WO2023071994A1

WO2023071994A1 - Use of nad+ precursor in preparation of drug for treating lens sclerosis-related diseases

Info

Publication number: WO2023071994A1
Application number: PCT/CN2022/127077
Authority: WO
Inventors: 刘泉; 魏来; 冯绮婷
Original assignee: 刘泉; 魏来; 冯绮婷
Priority date: 2021-10-27
Filing date: 2022-10-24
Publication date: 2023-05-04
Also published as: CN115531408A

Abstract

Provided is a use of a NAD⁺ precursor in the preparation of a drug for treating lens sclerosis-related diseases. In particular, the concentration of the NAD⁺ precursor is 10-500 mmol/L, and a lens ex vivo is cultured in a NAD⁺ precursor solution by using a local administration means, or, the NAD⁺ precursor solution is used for subconjunctival injection, so as to treat lens sclerosis-related diseases, which has an important value for preparing medicines for treating lens sclerosis-related diseases.

Description

NAD +Application of the precursor in the preparation of drugs for the treatment of lens sclerosis related diseases

technical field

The invention relates to the technical field of biomedicine, in particular to the application of an NAD ⁺ precursor in the preparation of medicines for treating diseases related to lens sclerosis.

Background technique

Lens sclerosis is a common sign of age-related eye diseases such as presbyopia and senile cataract, but the mechanism of lens sclerosis has not yet been fully elucidated. Many studies have pointed out that the increase in the proportion of water-insoluble protein in the lens protein may be the key factor. Water-insoluble proteins are mainly composed of various post-translationally modified macromolecular proteins. Among them, oxidation modification is the more common one. Oxidized crystallins, especially α-crystallins, can form disulfide bonds or glycosylation cross-links between molecules and within molecules, leading to abnormal aggregation of proteins and the formation of high molecular weight protein. α-crystallin is a small molecular chaperone, which can prevent abnormal protein folding and aggregation. Its loss will easily cause other proteins to bind abnormally with the cell membrane and affect the deformation ability of cell tissue. Furthermore, this change will promote the formation of intercellular barriers, resulting in the inability of antioxidant substances to be transported into the nucleus of the lens, and the metabolites in the nucleus cannot be smoothly discharged, which will continuously aggravate the degree of oxidative stress in the lens.

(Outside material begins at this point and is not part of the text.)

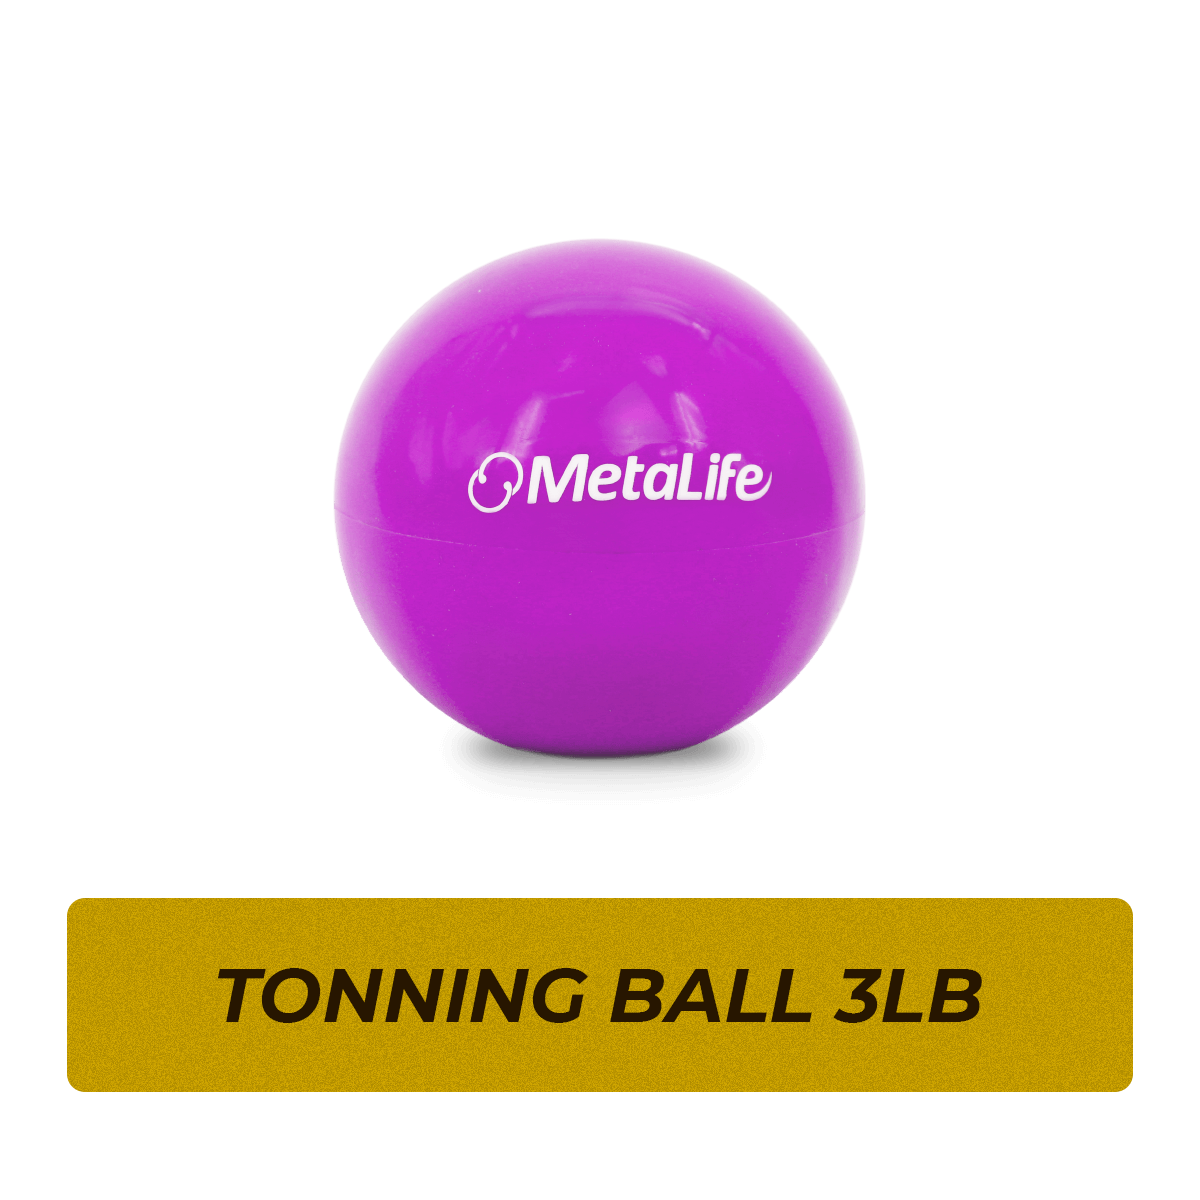 Tonning Ball 3LB

Presbyopia is an age-related physiological change in the eye that is closely related to a significant decline in the ability to accommodate within the eye. The Helmholtz adjustment mechanism hypothesis believes that a series of shape changes such as increased thickness, decreased diameter, and increased curvature of the front and rear surfaces caused by the contraction of the ciliary muscle during near vision can enhance the refractive power of the lens and make the object image accurately focused on the retina. However, as the age continues to grow, the lens gradually hardens and the elasticity of the capsule decreases, resulting in partial or even complete loss of its deformation ability, resulting in a continuous decline in the adjustment range, so that close vision is not enough to meet the daily needs of individuals. Presbyopia manifests as difficulty in near vision and inability to sustain near vision, seriously affecting the quality of life and work of middle-aged and elderly people. Although you can choose to wear glasses or surgical treatment to correct presbyopia, these methods have certain limitations, such as not simple, traumatic, etc., and more importantly, they cannot fundamentally treat presbyopia.

Senile cataract is one of the main eye diseases that cause blindness in the world. The clouding and hardening of the lens accompanied by aging is its typical manifestation. Age and environmental exposure are the main risk factors for the onset of senile cataract, which can cause metabolic abnormalities in the lens, and oxidative stress is the currently recognized pathogenesis. Oxidative stress of proteins in the lens will change the morphology of lens fiber cells, destroy their highly ordered structure, and then affect the transparency. In addition, as mentioned above, oxidative stress may also be the underlying reason for the decrease in the elastic deformation capacity of the lens, and the increase in lens hardness not only further threatens the vision of the middle-aged and elderly people, but also limits the choice of cataract surgery and postoperative visual acuity. quality recovery. At present, many compounds with antioxidant properties have been found to be effective in improving cataract opacity, but their effects on hardness have not yet been studied.

Nicotinamide adenine dinucleotide (nicotinamide adenine dinucleotide, NAD ⁺ ), also known as coenzyme I, participates in multiple processes of energy synthesis and metabolism in cells. At the same time, it can also activate a variety of enzymes in the form of coenzyme substrates, and has multiple functions such as anti-oxidative stress and anti-apoptosis. Nicotinamide mononucleotide (nicotinamide mononucleotide, NMN) is the precursor substance of NAD ⁺ synthesis, many studies have confirmed that its exogenous supplementation can significantly increase the level of NAD ⁺ in the body, and has shown to improve the level of energy metabolism, mitochondrial function and Positive reactions such as oxidative stress. However, there is still no research on the effect of NMN and related compounds on lens hardness (presbyopia, senile cataract).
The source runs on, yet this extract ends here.